I am trying to load a bag data type into a pig table and am coming up with null values instead.
Sample input:
A000,B000,C000,1.0,1-1-14,3-31-14,{(A101,1-Jan-2014,0.03,0.04)}
A001,B001,C001,10.0,1-1-14,3-31-14,{(A101,1-Jan-2014,0.03,0.045)}
A002,B002,C002,100.0,1-1-14,3-31-14,{(A101,1-Jan-2014,0.03,0.04)}
Pig Script:
raw = LOAD 'input/meh.log' USING PigStorage(',') AS (PID, FUNDID, GICID, balance, startDate, endDate, rates:bag{t:tuple(t1,t2,t3,t4)});
DUMP raw;
Output:
(A000,B000,C000,1.0,1-1-14,3-31-14,)
(A001,B001,C001,10.0,1-1-14,3-31-14,)
(A002,B002,C002,100.0,1-1-14,3-31-14,)
^Bag values should be here
What am I doing wrong? I've tried removing the bag/tuple declarations from the LOAD function, and still nothing. I used this same approach when working on the bag tutorial that came with Pig, and that seemed to work just fine.
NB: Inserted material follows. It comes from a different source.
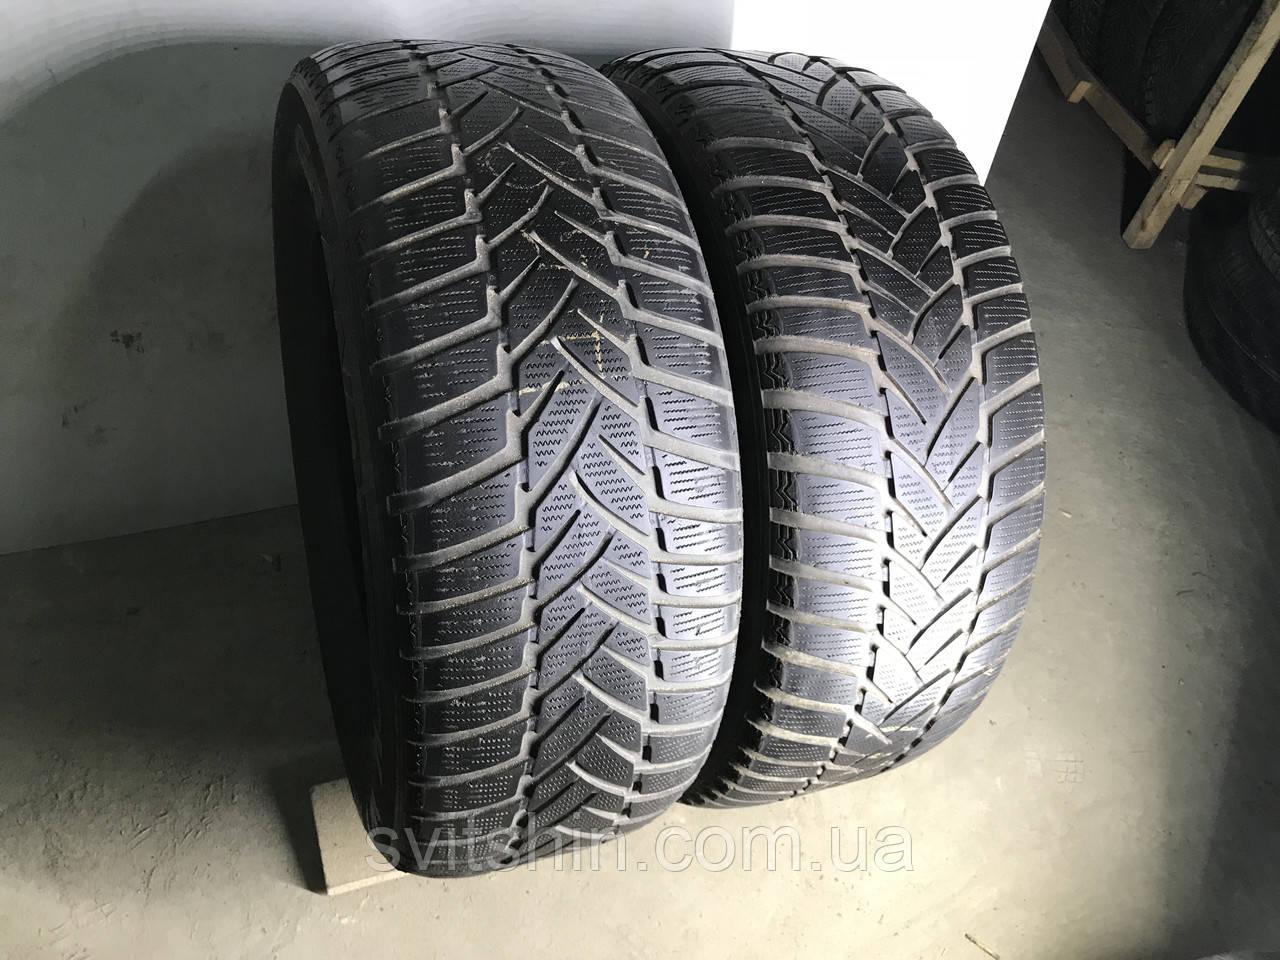 Шины бу зима 265/55R19 Dunlop Grandtrek WT M3 2шт (4,5-5мм)

UPDATE: If I set the bag input so that each tuple has one value, then this script works. I'm starting to think this may be an issue with my version of Pig (0.12.2). I had to build Pig using Ant so that it can run on Hadoop 2.3. Thoughts?
Reformatted the data
A000 B000 C000 1 1-1-14 3-31-14 {(101,1-Jan-2014,0.03,0.04)}
A001 B001 C001 10 1-1-14 3-31-14 {(101,1-Jan-2014,0.03,0.04)}
A002 B002 C002 100 1-1-14 3-31-14 {(101,1-Jan-2014,0.03,0.04)}
Have the values separated by the tabs. Oddly enough, it works. I had the delimiter set to ',' which may have confused pig when it tried to read the bag. I guess if you have bags with multivariate tuples, either set the delimiter to anything but ',' or just don't set it at all.